DATA FOR THIS TASK below:

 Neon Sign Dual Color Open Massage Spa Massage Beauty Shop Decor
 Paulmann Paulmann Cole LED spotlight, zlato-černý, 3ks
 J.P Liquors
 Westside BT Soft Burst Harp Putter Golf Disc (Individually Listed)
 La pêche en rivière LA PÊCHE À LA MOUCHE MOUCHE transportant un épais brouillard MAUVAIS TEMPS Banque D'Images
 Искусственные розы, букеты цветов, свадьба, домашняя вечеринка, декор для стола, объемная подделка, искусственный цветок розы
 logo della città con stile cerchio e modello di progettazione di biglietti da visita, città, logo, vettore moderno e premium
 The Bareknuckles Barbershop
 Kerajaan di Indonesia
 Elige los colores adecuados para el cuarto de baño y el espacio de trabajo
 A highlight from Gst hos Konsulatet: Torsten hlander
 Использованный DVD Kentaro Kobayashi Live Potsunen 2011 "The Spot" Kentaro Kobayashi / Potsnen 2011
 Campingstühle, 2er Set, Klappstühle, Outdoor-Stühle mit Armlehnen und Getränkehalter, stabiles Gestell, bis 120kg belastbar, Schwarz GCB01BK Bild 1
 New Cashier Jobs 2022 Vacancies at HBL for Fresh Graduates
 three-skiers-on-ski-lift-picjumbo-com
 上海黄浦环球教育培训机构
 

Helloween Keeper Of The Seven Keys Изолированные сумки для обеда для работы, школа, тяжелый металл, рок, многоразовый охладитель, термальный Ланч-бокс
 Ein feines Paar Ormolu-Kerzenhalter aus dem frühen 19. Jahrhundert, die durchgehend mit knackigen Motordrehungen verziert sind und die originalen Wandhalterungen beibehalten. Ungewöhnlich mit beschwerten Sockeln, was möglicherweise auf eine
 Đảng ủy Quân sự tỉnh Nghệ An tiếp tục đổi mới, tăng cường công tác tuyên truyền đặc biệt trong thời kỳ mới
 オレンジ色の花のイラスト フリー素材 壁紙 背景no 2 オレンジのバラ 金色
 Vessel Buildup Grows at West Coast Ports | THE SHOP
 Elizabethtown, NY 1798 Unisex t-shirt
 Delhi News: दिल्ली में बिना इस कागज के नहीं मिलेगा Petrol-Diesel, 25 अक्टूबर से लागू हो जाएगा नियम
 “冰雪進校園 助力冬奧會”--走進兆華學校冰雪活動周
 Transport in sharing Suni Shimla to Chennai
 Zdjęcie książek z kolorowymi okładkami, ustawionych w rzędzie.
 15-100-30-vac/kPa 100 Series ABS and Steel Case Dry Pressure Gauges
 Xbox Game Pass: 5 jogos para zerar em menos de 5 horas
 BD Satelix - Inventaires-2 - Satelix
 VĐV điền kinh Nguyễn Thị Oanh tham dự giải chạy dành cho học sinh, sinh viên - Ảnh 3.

End of DATA FOR THIS TASK.

YOUR GOAL:
When you reach the line holding "Искусственные розы, букеты" in the records above, begin reproducing exactly, stop after the line holding "Ein feines Paar", and output nothing else.

WRITTEN SOLUTION:
 Искусственные розы, букеты цветов, свадьба, домашняя вечеринка, декор для стола, объемная подделка, искусственный цветок розы
 logo della città con stile cerchio e modello di progettazione di biglietti da visita, città, logo, vettore moderno e premium
 The Bareknuckles Barbershop
 Kerajaan di Indonesia
 Elige los colores adecuados para el cuarto de baño y el espacio de trabajo
 A highlight from Gst hos Konsulatet: Torsten hlander
 Использованный DVD Kentaro Kobayashi Live Potsunen 2011 "The Spot" Kentaro Kobayashi / Potsnen 2011
 Campingstühle, 2er Set, Klappstühle, Outdoor-Stühle mit Armlehnen und Getränkehalter, stabiles Gestell, bis 120kg belastbar, Schwarz GCB01BK Bild 1
 New Cashier Jobs 2022 Vacancies at HBL for Fresh Graduates
 three-skiers-on-ski-lift-picjumbo-com
 上海黄浦环球教育培训机构
 

Helloween Keeper Of The Seven Keys Изолированные сумки для обеда для работы, школа, тяжелый металл, рок, многоразовый охладитель, термальный Ланч-бокс
 Ein feines Paar Ormolu-Kerzenhalter aus dem frühen 19. Jahrhundert, die durchgehend mit knackigen Motordrehungen verziert sind und die originalen Wandhalterungen beibehalten. Ungewöhnlich mit beschwerten Sockeln, was möglicherweise auf eine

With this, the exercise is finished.